The tree diseases are known as a pathogen, fungi, and bacterial diseases. They affect any type of tree irrespective of its type, structure, or age. Tree diseases have the potential to cause serious damage to your trees; therefore, it is necessary to identify them early before they cause any more damage. A brief discussion of each of the diseases is presented in the following paragraphs.
The first type of tree disease is known as fungal. Tree diseases caused by fungi include needle blight, needle rhizomes, wilt (lateral or central), and root-knot. Needle blight is caused by a fungus named Saprolegnia, which is found in warm environments such as damp, rainy climates. It thrives on dead leaves and other plant parts; hence, you can easily spot it by discoloring the needle-like leaves and white powdery substance that accumulates on the affected areas. To determine if your tree is infected, examine the underside of young needles for signs of fungal growth.
The second type of tree disease is caused by bacterial diseases. These include the pathogens known as Staphylococcus aureus, Streptococcus salivarius, and Bacillus cereus. They generally thrive in humid, moist surroundings, especially in trees that are growing in floodplains, near fountains, and along rivers. Symptoms of bacterial tree diseases include white spots (called plaques) on the trunk and twigs, and dark, water-soaked lesions on the trunk, branches, or leaves. To determine if your tree is infected, look at the bottom of wet leaves for Staphylococcus or check for Streptococcus antigens on a culture of healthy skin.
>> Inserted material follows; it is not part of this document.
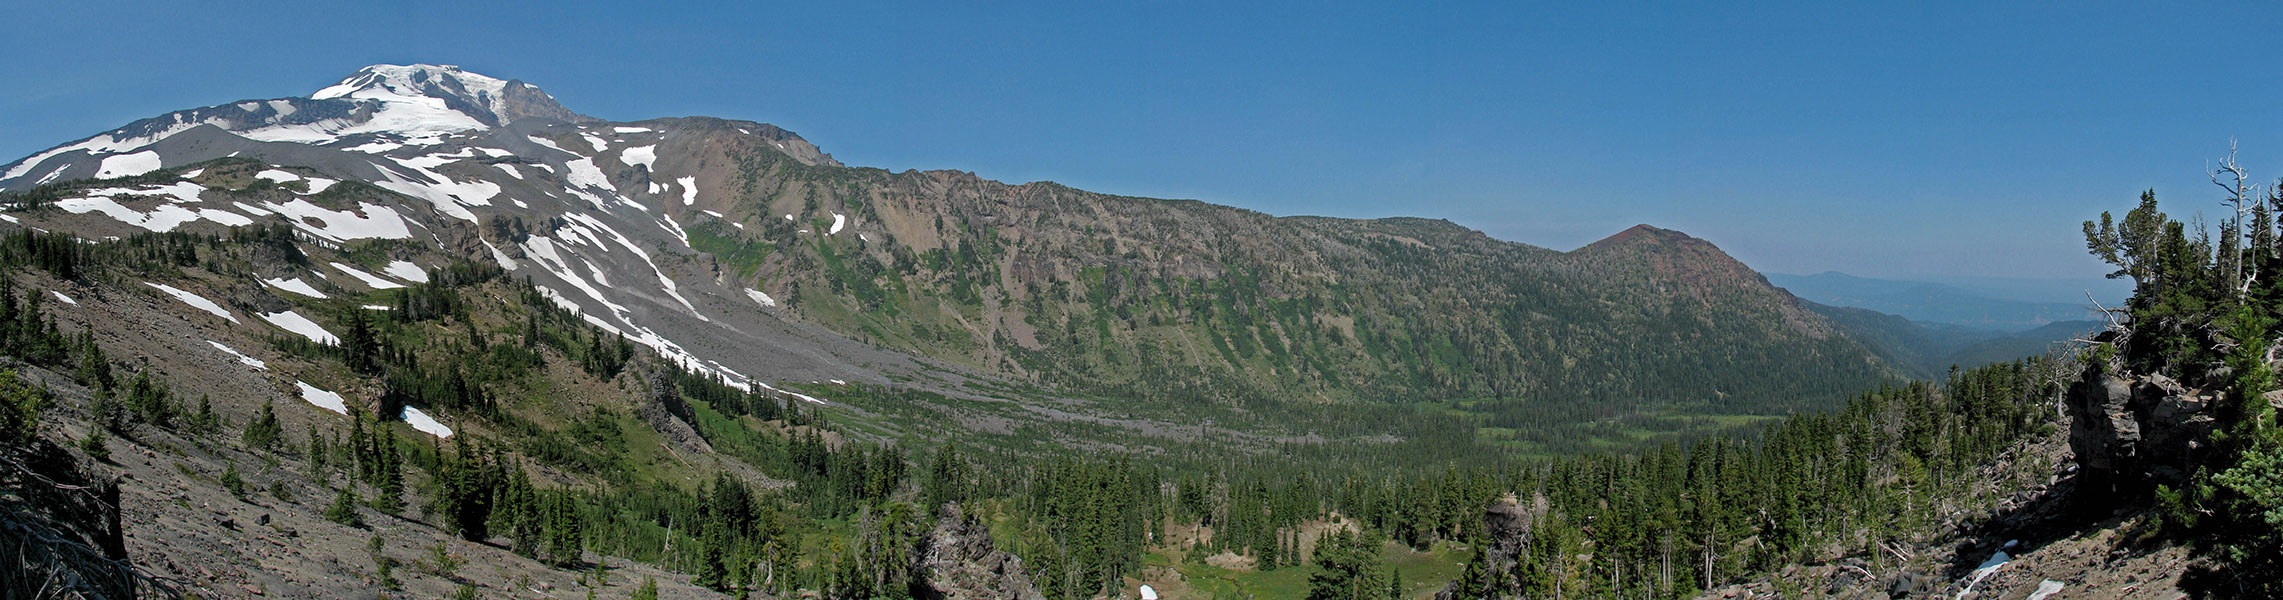 Mount Adams panorama [Hellroaring Viewpoint, Yakama Reservation, Washington]

The third type of pathogen is the arborist’s mites, also known as wood-destroying arthropods. They are most commonly found on deciduous trees. The symptoms of an arborist’s mites include distorted needle edges on the leaf surfaces, soft, disintegrated, shredding material on the leaf surface, and small white cysts on branch veins. To look for these organisms, scrape the underside of diseased needles to check for Staphylococcus or check for Streptococcus antigens on a culture of healthy skin. To cure these pathogen-infected leaves, pinch off infected needles and wash branches with insecticide.
Fungi caused by fungi are also unsightly and can cause major damage to a tree’s bark, leaves, and fruit. They are most commonly found on evergreens. In addition, they can be found on other deciduous trees, but they tend to proliferate more quickly on evergreen trees than on conifers. Some of the types of fungi involved in tree diseases include black rot, Botrytis, ringworm, silver frost, and needle blight. To diagnose these pathogens, scrape the underside of infected leaves and fruit and look for Streptococcus or Staphylococcus antigens on a culture of healthy skin.
Tree diseases, also called necropathy, affect the whole tree system, affecting both the leaves and roots. They can affect all parts of a tree, including twigs, flowers, fruits, and roots. Tree diseases that affect the entire root system, causing the death of the entire plant, are most serious and fatal. Tree diseases can be caused by fungi (or their subtypes) as well as bacteria, viruses, protozoa, and other organisms.
Many of the fungi and protozoa are harmless, while bacteria and viruses are detrimental to the health of a tree. Tree diseases that are caused by fungi are usually distinguishable by their characteristic features, such as wilt or leaf discoloration; leaf patches or baldness; yellowing of foliage; and the presence of fungi growing on the affected portions of the tree. Tree diseases caused by bacteria on the other hand cause similar symptoms (such as wilted foliage, brown spots on the foliage, and so on), but lack the characteristic feature of fungi growth. Other types of tree diseases include wood decay (penter), scale insects (scale lice), insect pests, and fungal infection (cysts, candida, yeasts).
Bark diseases are common in oaks and other conifers, and generally affect the whole bark of the tree. The most common is needle disease, which is caused by mycorrhizae fungi. Many other diseases, such as “blue bark” and “hank,” are rare and specific infections, caused by particular species of fungi. Bark diseases are highly contagious and can spread rapidly between trees.